I use a small one burner butane stove just for that reason. The stove is designed to only connect the small tank when ready to use for cooking, thus eliminating another leak source from additional hoses or fittings.
It is of course utmost to have a good powered air source, be it electric or hand-powered, to circulate and exhaust the air in a shelter due to the stove using some of the available O2 in the air for ignition. 
I plan on adding a small exhaust in-line fan identical to the one used in the intake side of the system, this will have a vent above the stove and one in the bathroom, for obvious odoriferous reasons. 
The MRE meals that are stored in the shelter do have their own heat pacs, but do require additional water to work. The stove thus, should help in the conservation of water.


----------



## jungatheart

Only difference I've heard between the two is that Butane will freeze and propane will not.


----------



## sewserious

There is no reason you can't use propane indoors as long as you have proper ventilation. That is the KEY! Proper ventiliation. Folks use keronsene heaters indoors, they come with the same warning, use proper ventilation. As long as you have some sort of a fresh air source.....

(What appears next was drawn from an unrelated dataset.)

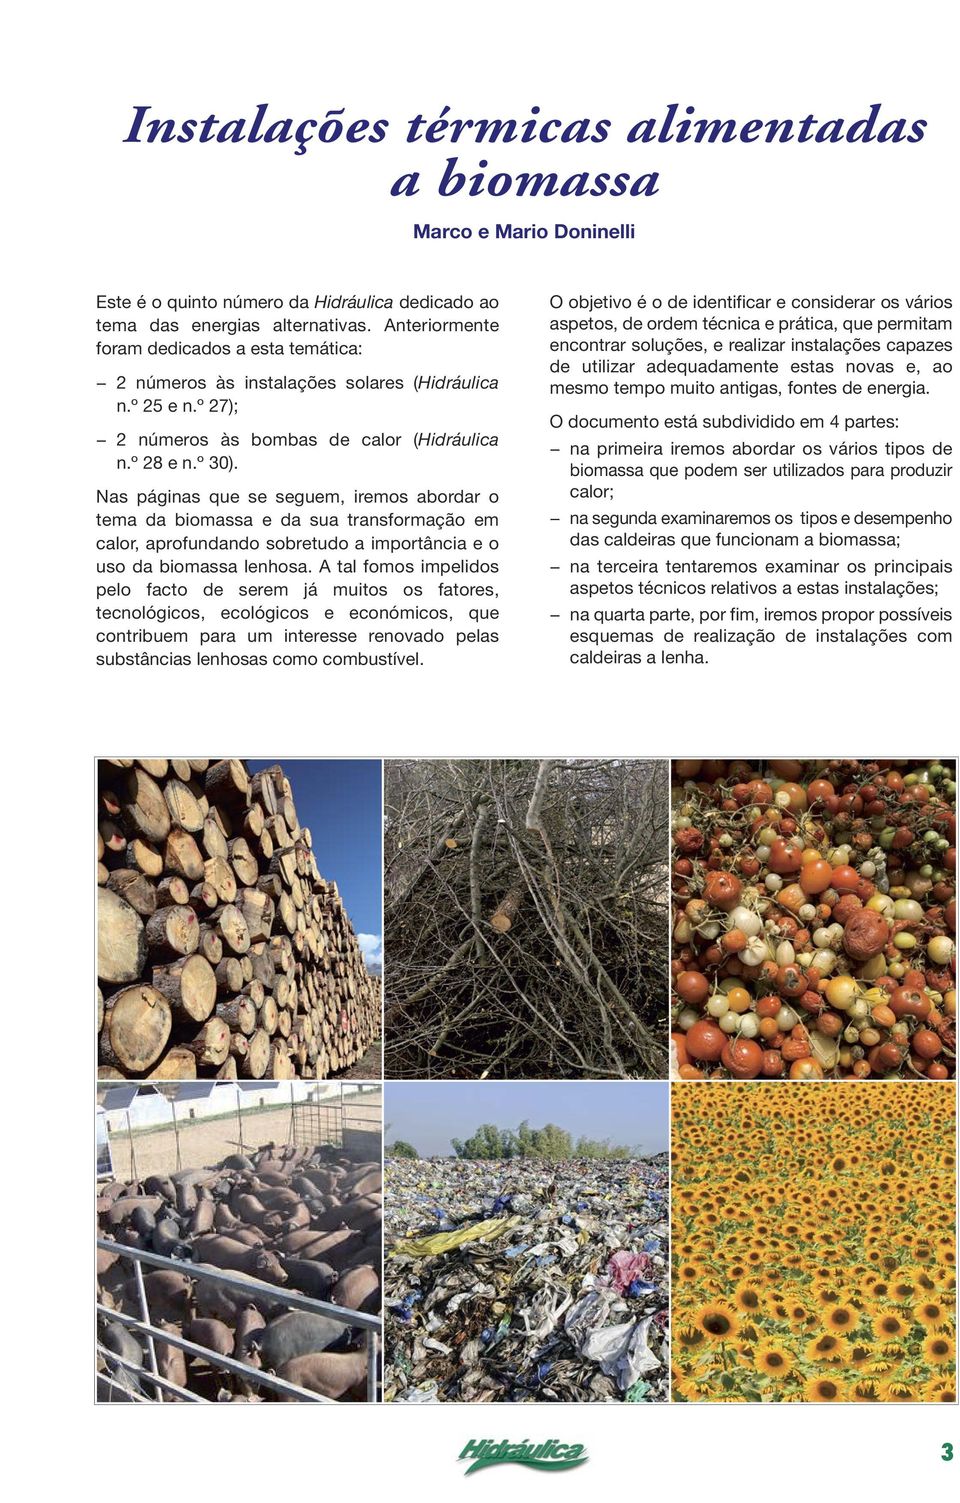 Nas páginas que se seguem, iremos abordar o tema da biomassa e da sua transformação em calor, aprofundando sobretudo a importância e o uso da biomassa lenhosa.

I don't know about anyone else, but I live in a house built in the early 70s that, while well-insulated, is not considered "air-tight". No house wrap, the outlets on the outside walls aren't "insulated", it has the original windows and storm windows/screens. This house, while not overly hard to heat'cool, has a far amount of fresh-air exchange naturally due to it not being a "tight" house. When using kerosene or propane inside, we use it in the kitchen (during ice storms with no power), and open the window over the sink (which is sheltered from the wind, etc by a covered porch) just a smidgen. Natural fresh-air infiltrates whenever a door to the outside is opened also. When you have 1800 square feet of living space, it would take a long time to use up all the oxygen.

I think there is too much worry about using such items indoors because everything has warning labels on it for the lowest common denomintor of brains/guarding against lawsuits. Our camping neighbor this weekend said it best, "All the *******es ruin it for the ones of us who have common sense!"


----------



## bunkerbob

jungatheart said:


> Only difference I've heard between the two is that Butane will freeze and propane will not.


 You are correct about butane and freezing weather, I don't plan on that in the shelter, steady 60 degress.


----------